Washington expands role of dental therapists, hoping to improve oral health

By Elise Takahama, The Seattle Times
Published: May 21, 2023, 6:00am

SWINOMISH RESERVATION — The red-and-brown building looking out onto the Swinomish Channel is unlike a typical dental clinic.

Comforting smells from the kitchen at the downstairs senior center waft into the space, as staffers prepare lunch for community elders. Local Native art decorates the waiting room while flutes and percussion instruments play in the background.

“The idea is to feel like you’re walking into someone’s home,” said Dr. Rachael Hogan, dental director of the Swinomish Dental Clinic.

In recent years, the small but quickly growing office in southwest Skagit County, across the water from downtown La Conner, has emerged as a state leader in access to dental hygiene, gaining attention a few years ago for becoming the first in Washington to add a new role to their team: a dental therapist.

Dental therapists are licensed midlevel providers who often play a support role for dentists. They perform about 50 of the 500 procedures dentists do. In Washington and some other parts of the country that have developed programs, dental therapists have worked to expand access to oral hygiene, particularly in rural, underserved communities.

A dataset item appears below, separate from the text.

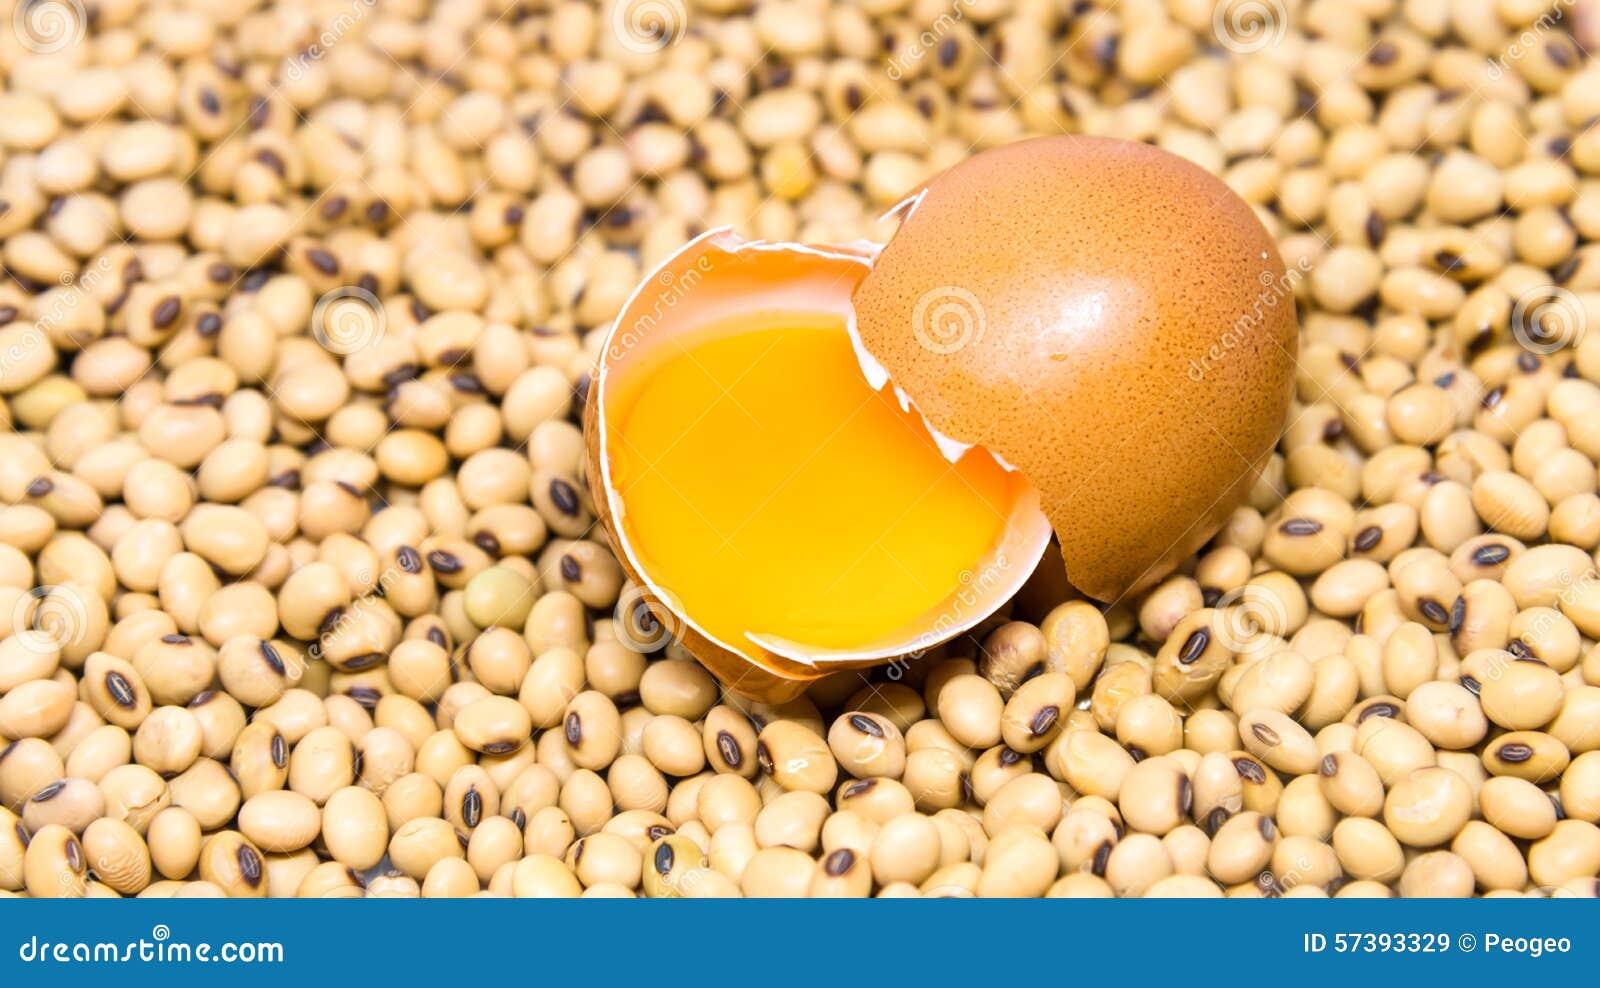 Ei op de achtergrond van sojabonen

Interest in the position has grown here since 2017, when the state voted to allow dental therapists to practice on federally designated tribal lands. On Monday, Gov. Jay Inslee signed House Bill 1678 into law, officially expanding on past legislation by authorizing dental therapists to practice in hundreds more community health clinics across Washington.

Advocates hope the move will help close the state’s gaps in dental hygiene — though critics worry development of the new job class will strip resources away from training programs for other types of dental staffers in an already short-handed field.

“We’re not here to steal jobs,” said Sarah Chagnon, one of two dental therapists at the Swinomish Dental Clinic. “We’re here to treat dental disease.”

Dental therapists first emerged in New Zealand in the 1920s after public health officials noted high levels of untreated tooth decay among children, according to a report from Pew Charitable Trusts. The model didn’t land in the United States until the early 2000s, when tribal students in Alaska brought New Zealand’s training into the state’s rural communities.

Since then, at least 14 states, including Washington, have passed legislation approving dental therapy programs in certain spaces, hoping to address disproportionately high rates of untreated tooth decay among Native communities.

When the law takes effect in January, dental therapists will be allowed to work at Washington’s 27 federally qualified health centers and their 350-plus clinics. In Washington, these federally funded, nonprofit health care organizations accept Medicare and Medicaid, and generally provide care regardless of pay or insurance status.

King County’s federally qualified health centers include HealthPoint, Neighborcare Health and Sea Mar, which also has locations throughout Western Washington.

Like hygienists, dental therapists can handle routine cleanings, but are also trained to provide some simple procedures, like fillings. But they aren’t licensed to perform as many procedures as a dentist is, including more complicated root canals, crowns or implants — so the role often clears dentists’ schedules to focus on complex care.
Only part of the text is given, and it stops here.